Day 6 | Chris Loukes

My work explores themes of impermanence, interconnectedness and the cyclical nature of existence. It reflects and compliments my practice in Soto Zen Buddhism. The video footage focuses on the everyday moment and everyday objects that tend to be ignored in the way we live our busy lives. The editing and addition of animations point to a state of being, wider and deeper than that which is on the immediate surface, and it reflects the way we create patterns and rhythms in our lives.

This refers to the transmission of the essential teaching of Shakyamuni Buddha to the present day. The soundtrack contains a manipulation of the sound of monks at Throssel Hole Buddhist Abbey singing the Ancestral Line scripture, which lists the ancestors through whom this transmission has passed.

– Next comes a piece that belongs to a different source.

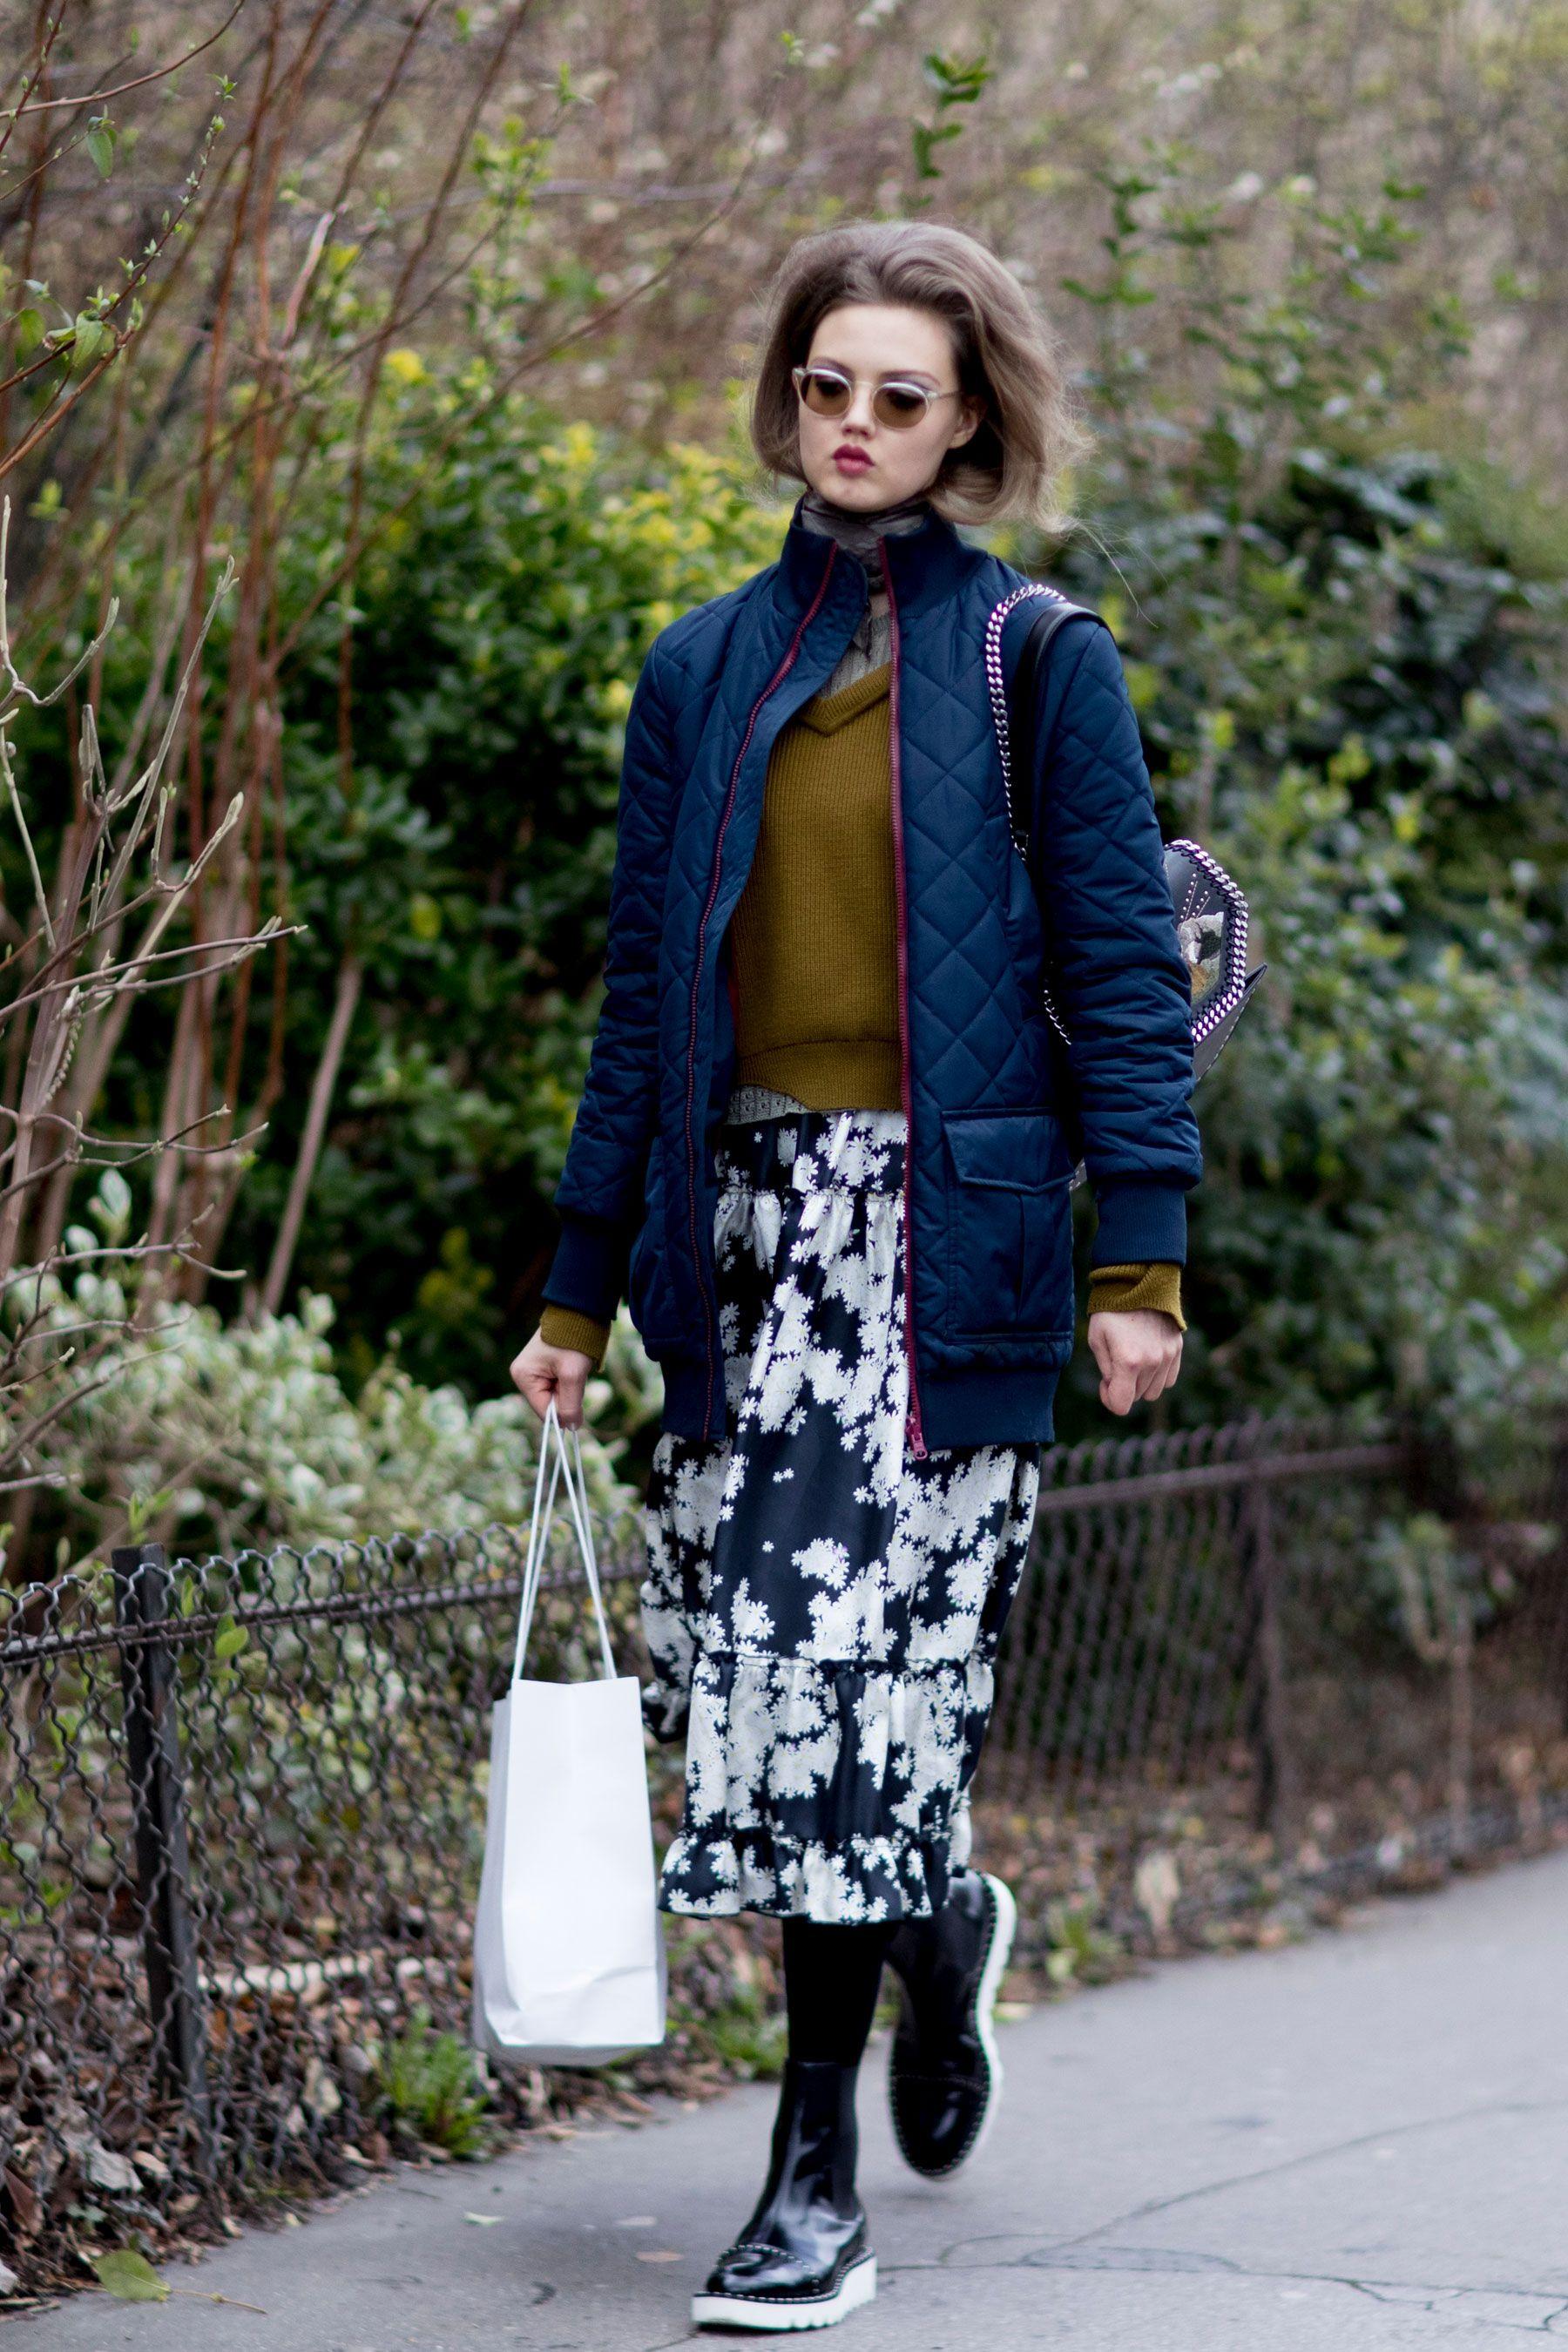 Paris Fashion Week Autumn Winter 2017 Models Off Duty

Bloodline of the Buddhas – TRT 36:04 mins.

Loukes studied sculpture at Liverpool Art College, 1967-71, and taught art in North Walsham. Inspired by Rothko, he began to paint in 1982 and retired from teaching in 2002 to work at it full-time. I became attached to digital video on the Fine Art MA at NUCA, 2005-07. Recent exhibitions include, “Particles, particles”, Surface Gallery, Nottingham – Japan Media Arts Festival, Tokyo – Cafe Gallery Projects, London – Abstracta Cinema, Rome – Norwich Arts Centre, ”Shorts” and Bangkok Experimental Film Festival.

Chris Loukes – Norfolk UK

8 thoughts on “Day 6 | Chris Loukes

  1. This was a bit strange. There is no real relationship between the sound and picture. I can’t really decide if I think thats a good or bad thing but it is interesting.

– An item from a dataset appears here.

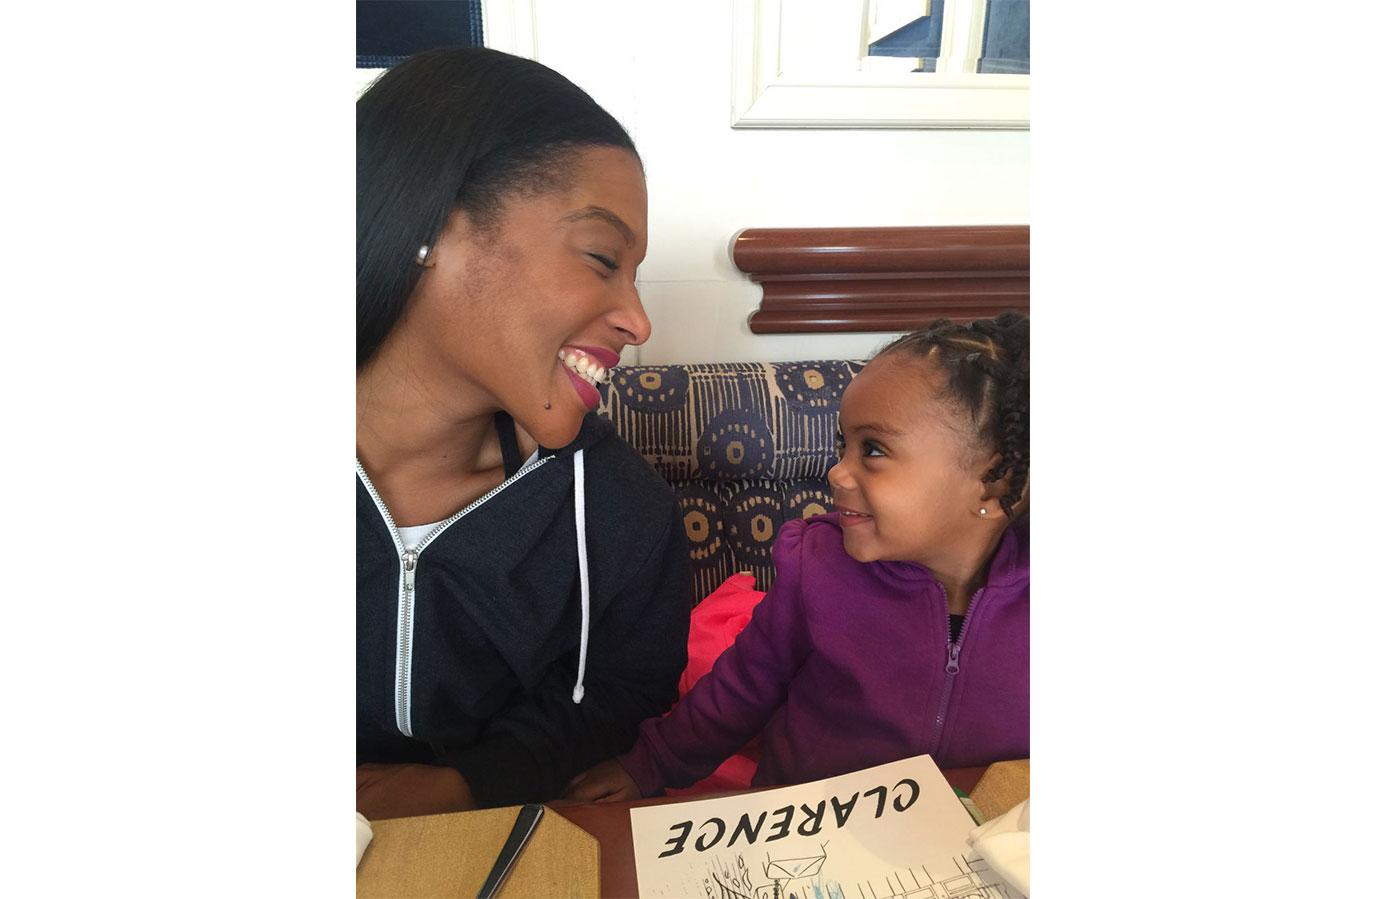 Find Your Grind Co-Founder Jasmine Desilva with Daughter - FYG, Bermuda

  2. The audio is interesting. I don’t see how the animation connects to everyday objects and/or moments people tend to ignore, but the audio with the colors makes me want to visualize what I’m missing

  3. The sound is distracting and doesn’t seem to go with the visual in my opinion. I didn’t see the point of the film until I read the artist’s statement, and actually found it really boring and pointless, even after I read the statement. It does make me curious how it was made though, and I think would be a lot better with a different music choice that related more to the Zen Buddhism idea.

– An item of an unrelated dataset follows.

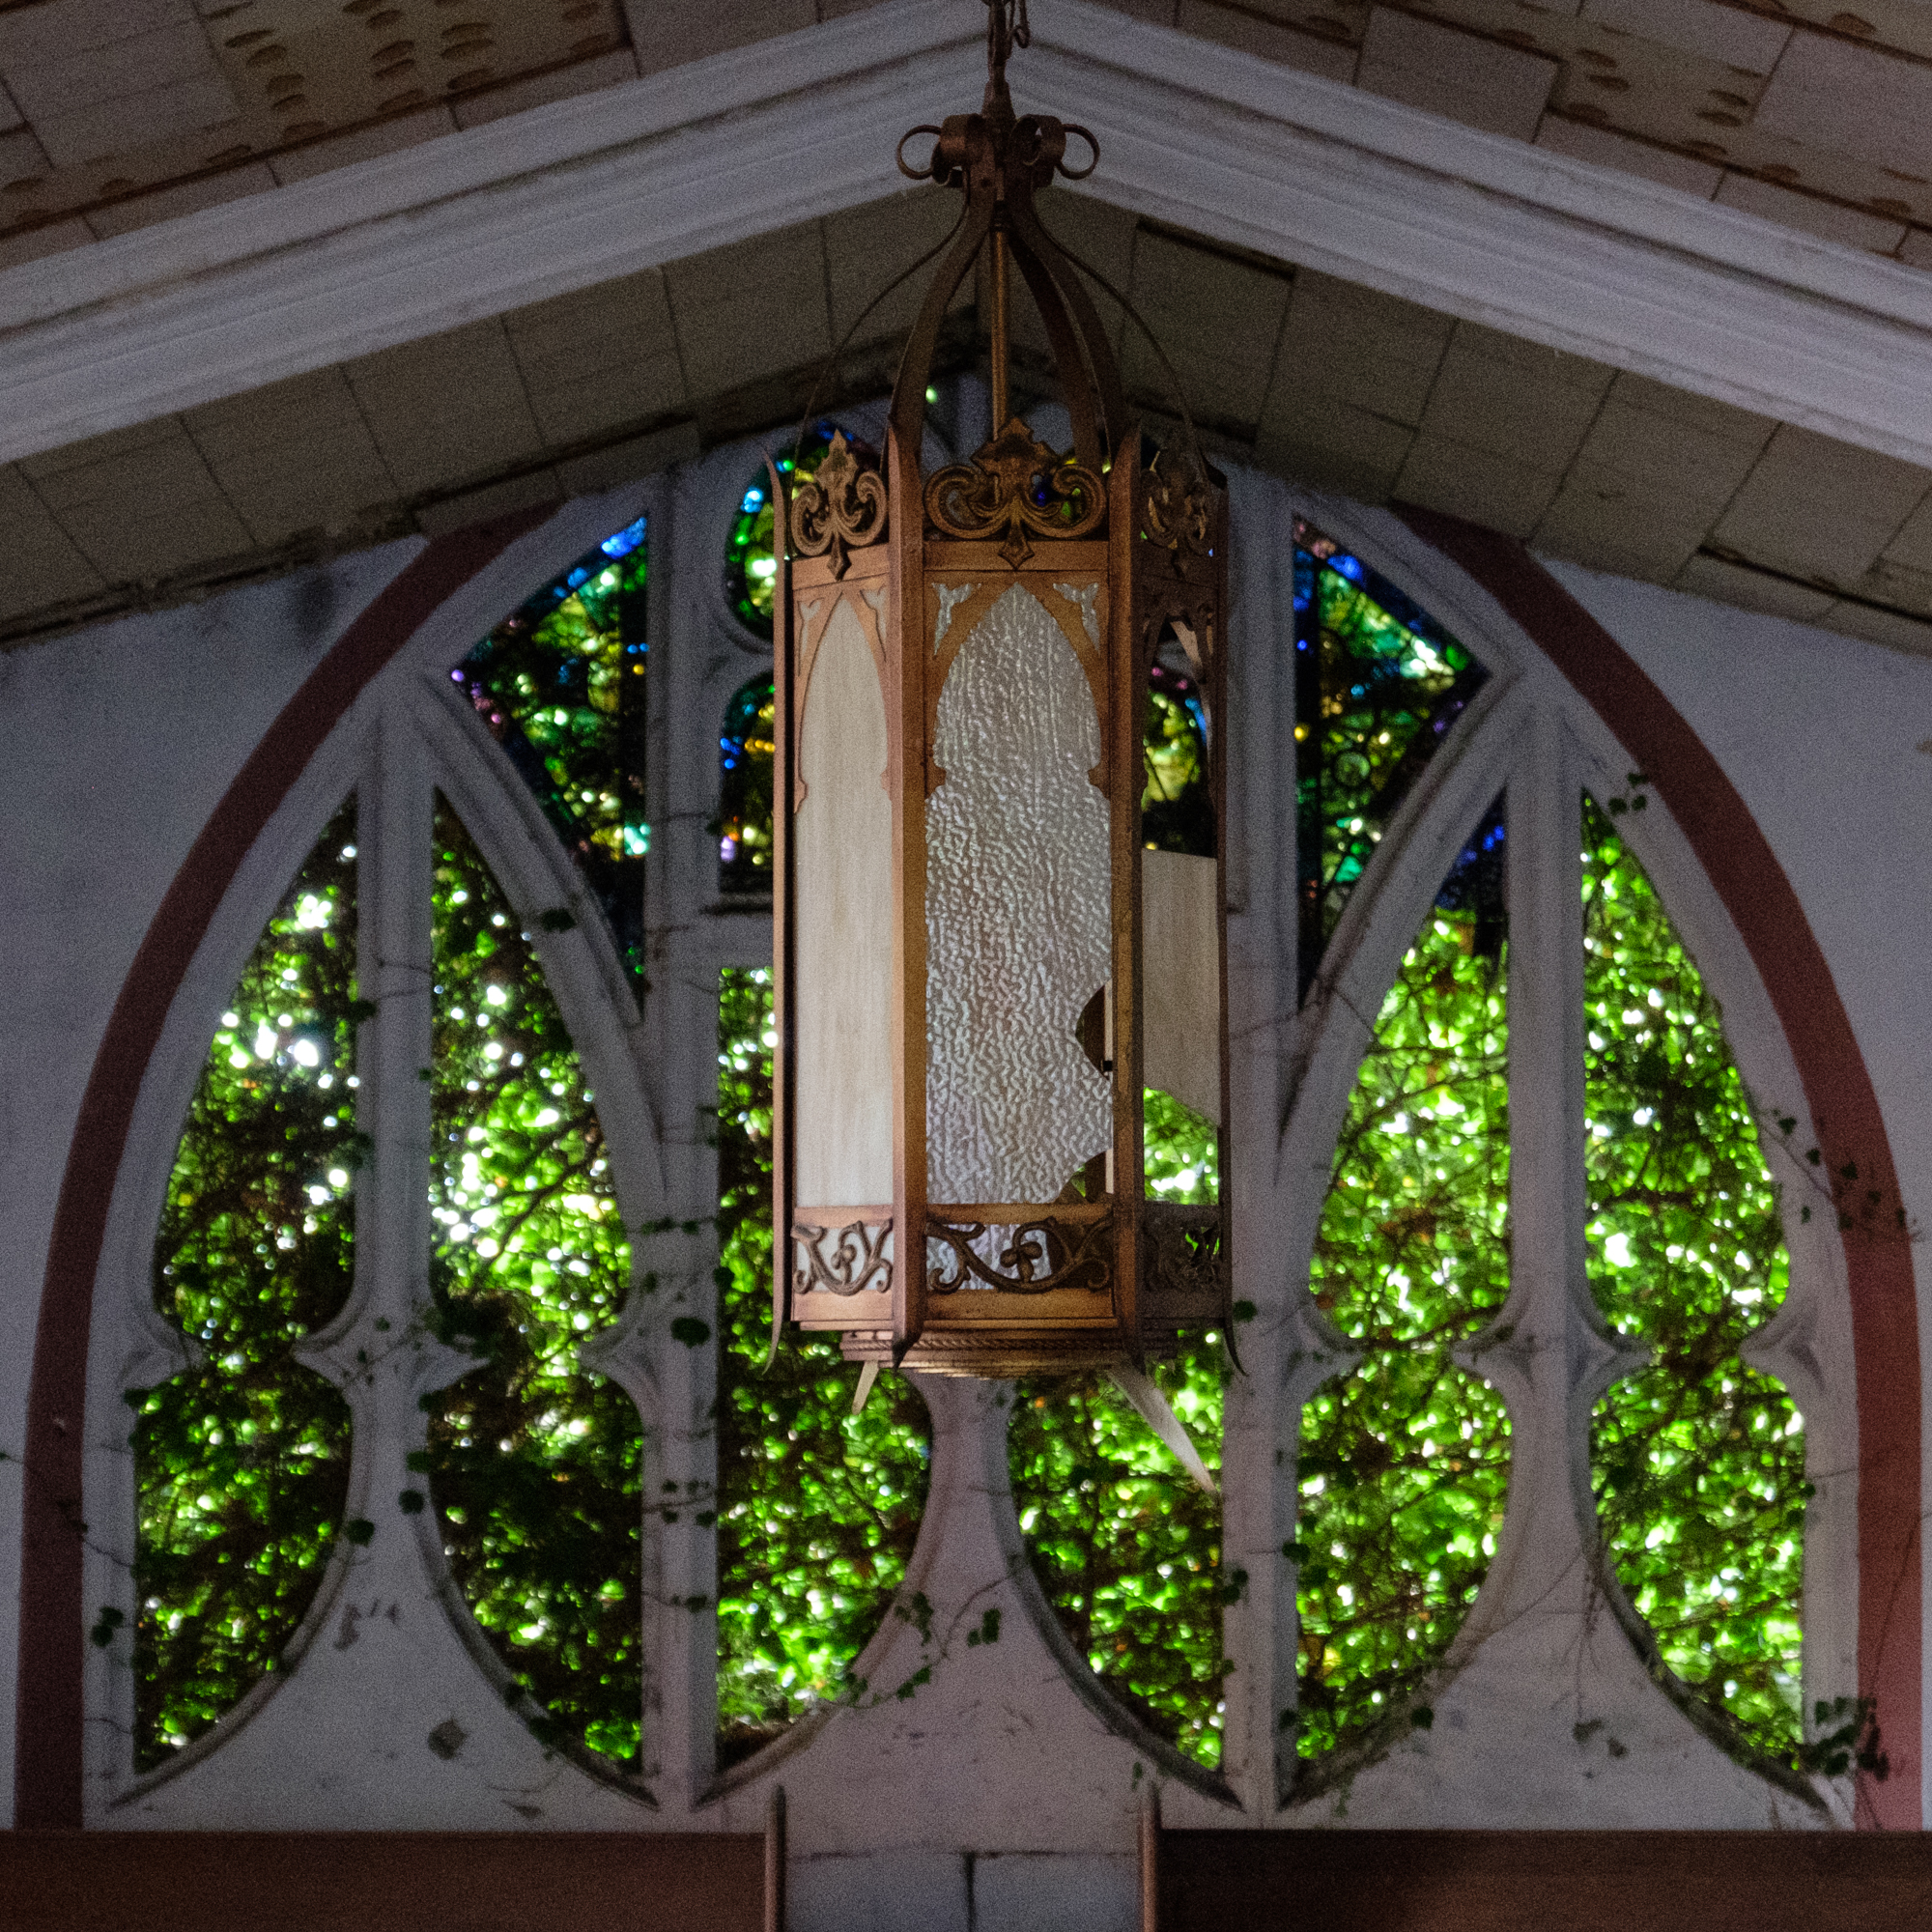 UX-CLE-Rehoboth Church_11.5.17-3_pp.jpg

  4. This video is tight. Granted I didn’t watch all 40 minutes but it creates a cool atmosphere when the sound and video collide. Very epic, and minimilistic which I dig. These haters gotta open their minds , keep doing your thing.

  5. the flowing colors work very well with the flowing water. Curious on how some of the visual techniques were done. Motion was captured by the rhythmic pattern of both the visual and audio.

  6. the lines are reminiscent of sound waves in a way, and the red color is very evocative of anger, though the sound is calming.